Disclaimer

Disclaimer: I am providing the content on this blog solely for the reader's general information. This blog contains my personal commentary on issues that interest me. Unless otherwise stated, the views expressed on this blog are mine alone, and not the views of any law firm with which I am in any way associated or any other member of any such law firm. Nothing on this blog is intended to be a solicitation of, or the provision of, legal advice, nor to create an attorney-client relationship with me or any law firm. Please view my "Full Disclaimer" statement at the bottom of the page for additonal information..

Monday, December 2, 2013

Former Teenage Cartel Hitman Returns To US/San Antonio



A former teenage cartel hitman, who admitted to killing four people while employed by the former Beltran-Leyva Cartel in southern Mexico has finished a three-year juvenile sentence in Mexico (the maximum allowed for juveniles under Mexican law) and has returned to the US, where he is a citizen.  The now-17 year-old was reunited with family members in San Antonio.  The Houston Chronicle

Reports that it is unclear whether he faces charges in the US.  The young man Edgar, Jimenez Lugo was trying to flee Mexico in 2010 when he was caught and admitted to killing four people whose beheaded bodies were found in Morelos hanging from a bridge. The young man claimed that he was forced into the cartel by drug traffickers when he was 11 and participated in the killings when drugged and under threat.

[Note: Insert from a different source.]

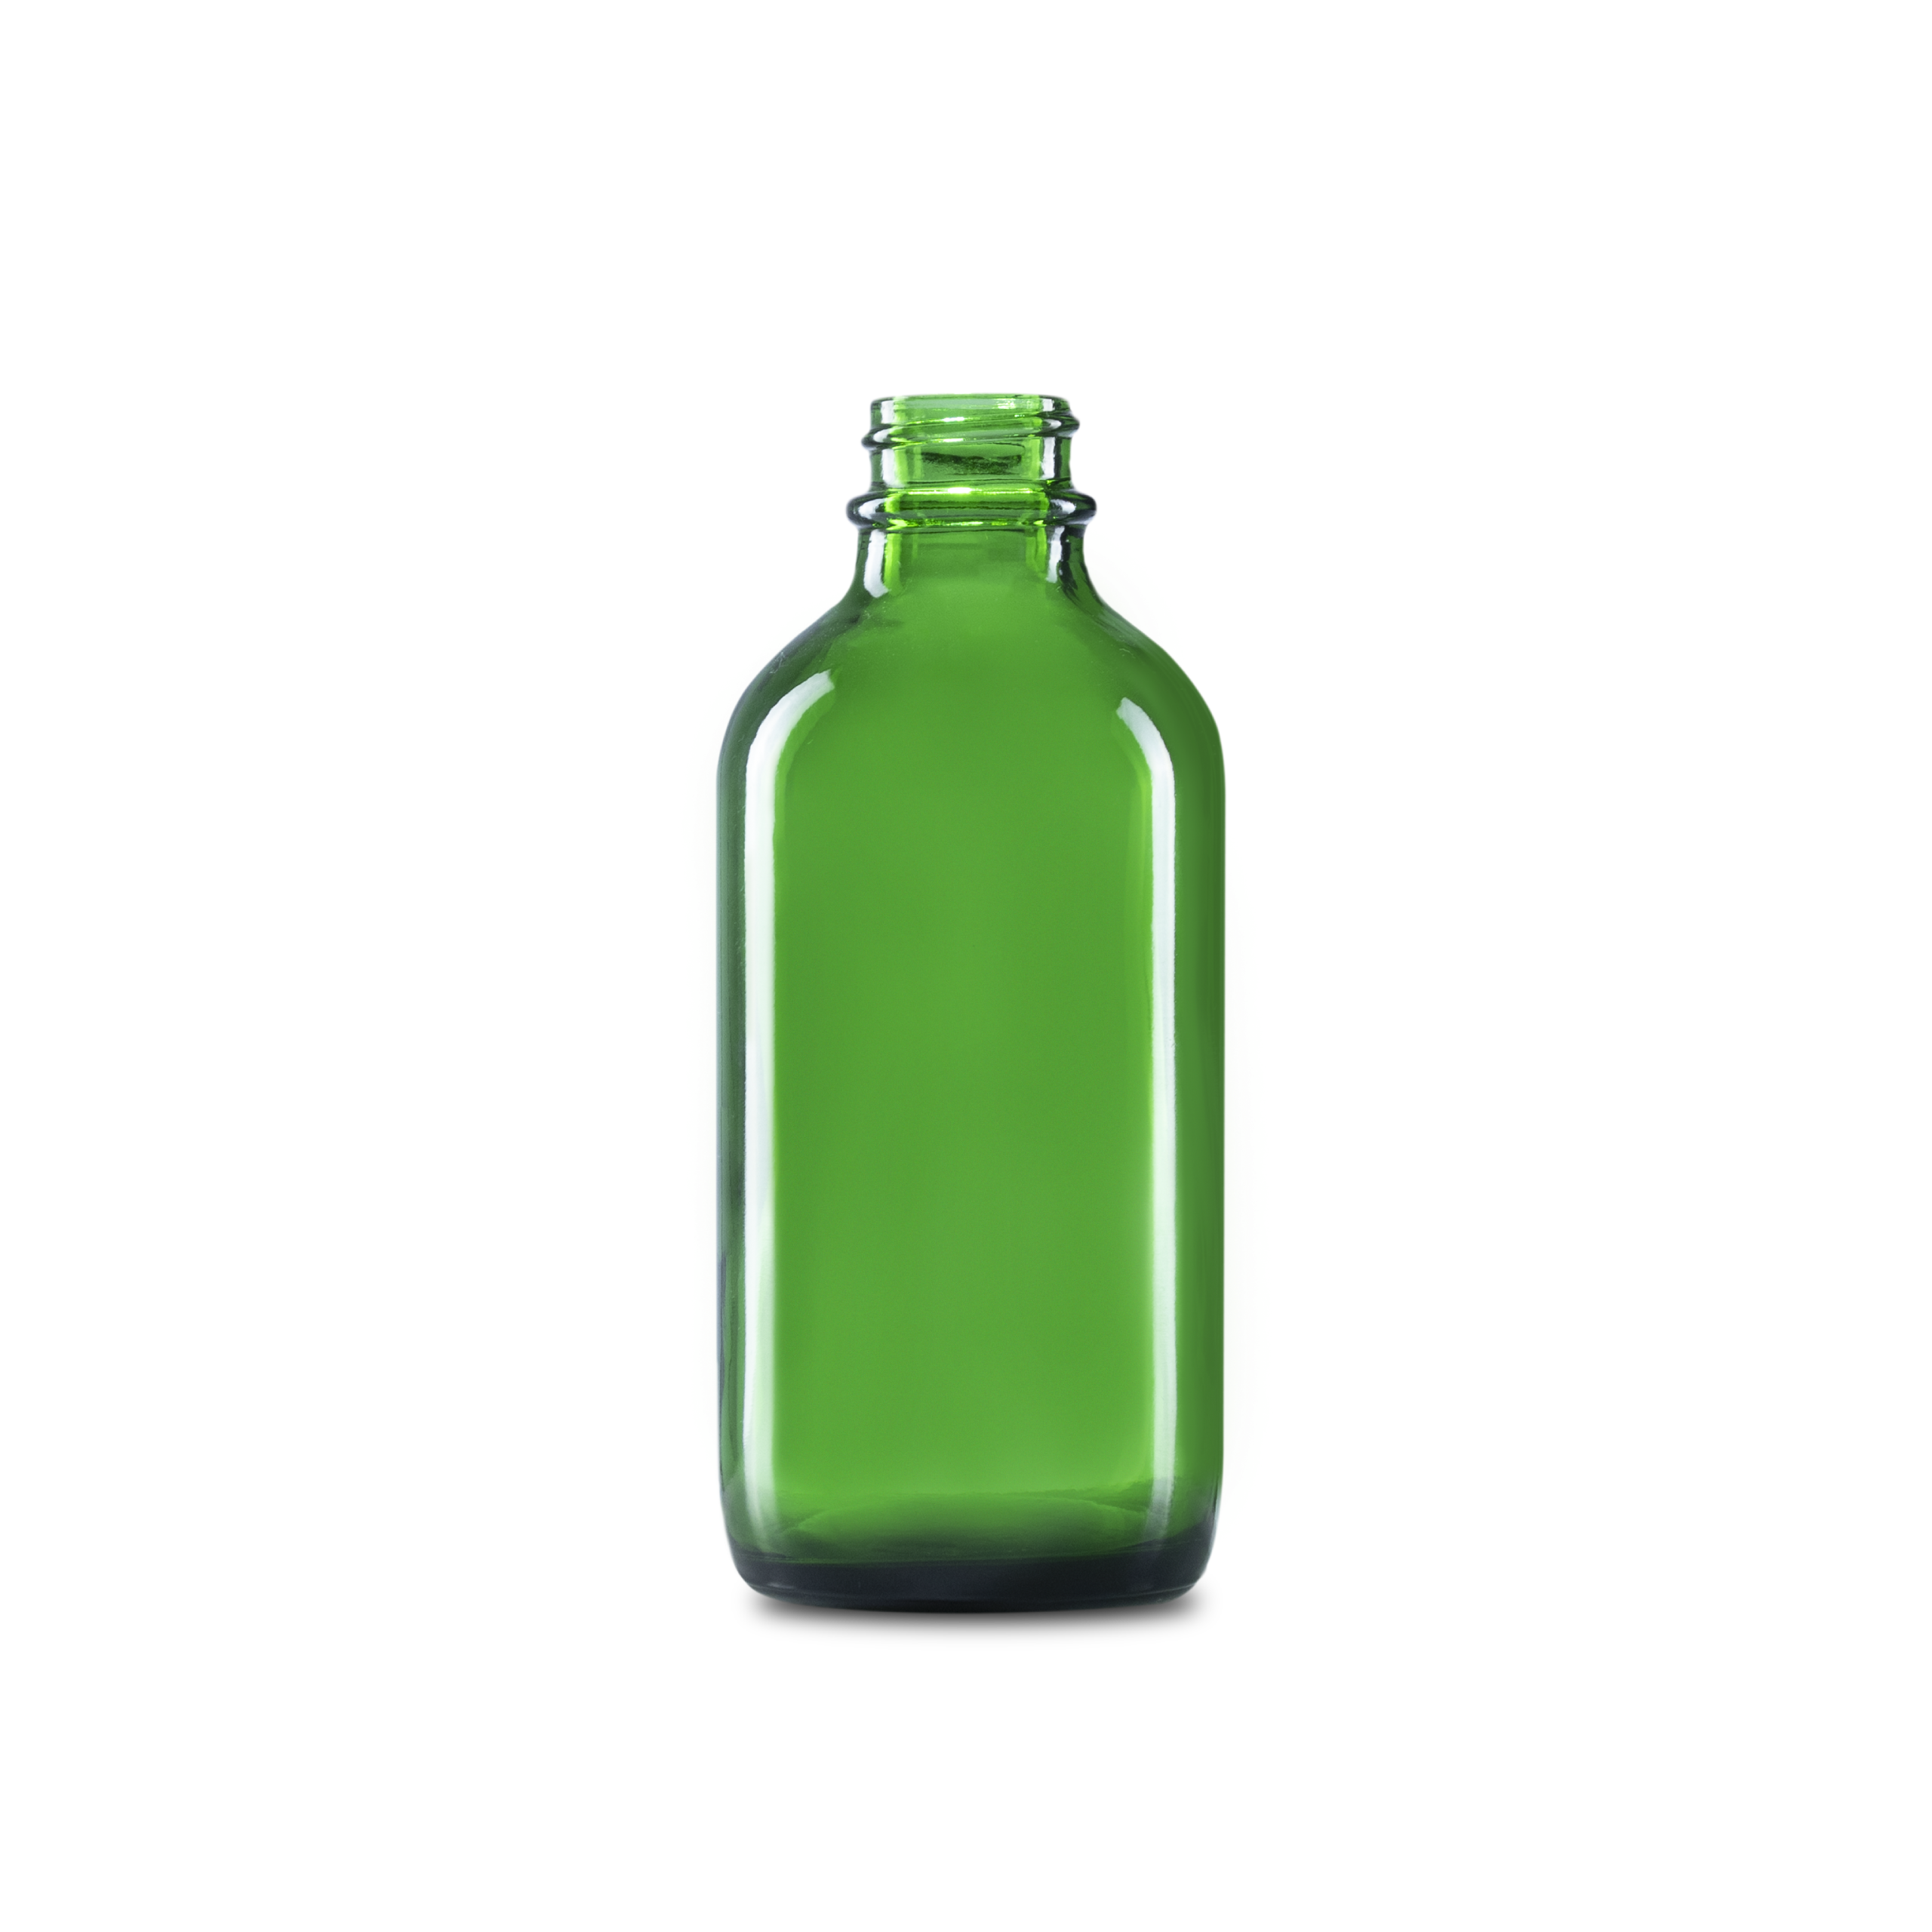 4 oz green boston round glass bottle are perfect for storing homemade sauces, vinegars, oils, syrups and more.

He was born in San Diego but raised in Mexico by a grandmother. 

The interior secretary of Morelos State said it wasn’t clear if the young man had been rehabilitated because his crimes were so severe.  He’s being taken to a residential support facility in San Antonio.

We’ve posted before on the serious issue of teenage cartel hitmen on the US border committing crimes in the US.  The post, and the article it quotes are worth reading again.  This is an unusual story of a former hitman coming back after serving a sentence for a crime he committed while so young.  Hopefully this young man’s story is true, that he was forced into the gang.  And hopefully he can be rehabilitated, like teenage soldiers in the west African civil wars have been.  (See memoir by Ishmael Beah).

 He obviously needs lots of help.  And the drug war that bred the type of violence he was forced or drawn into needs to come to an end, either forcibly as the Mexican government is doing by killing the leaders of the Beltran-Leyva cartel that used to employ him, or with more sensible drug enforcement policies on this side of the border.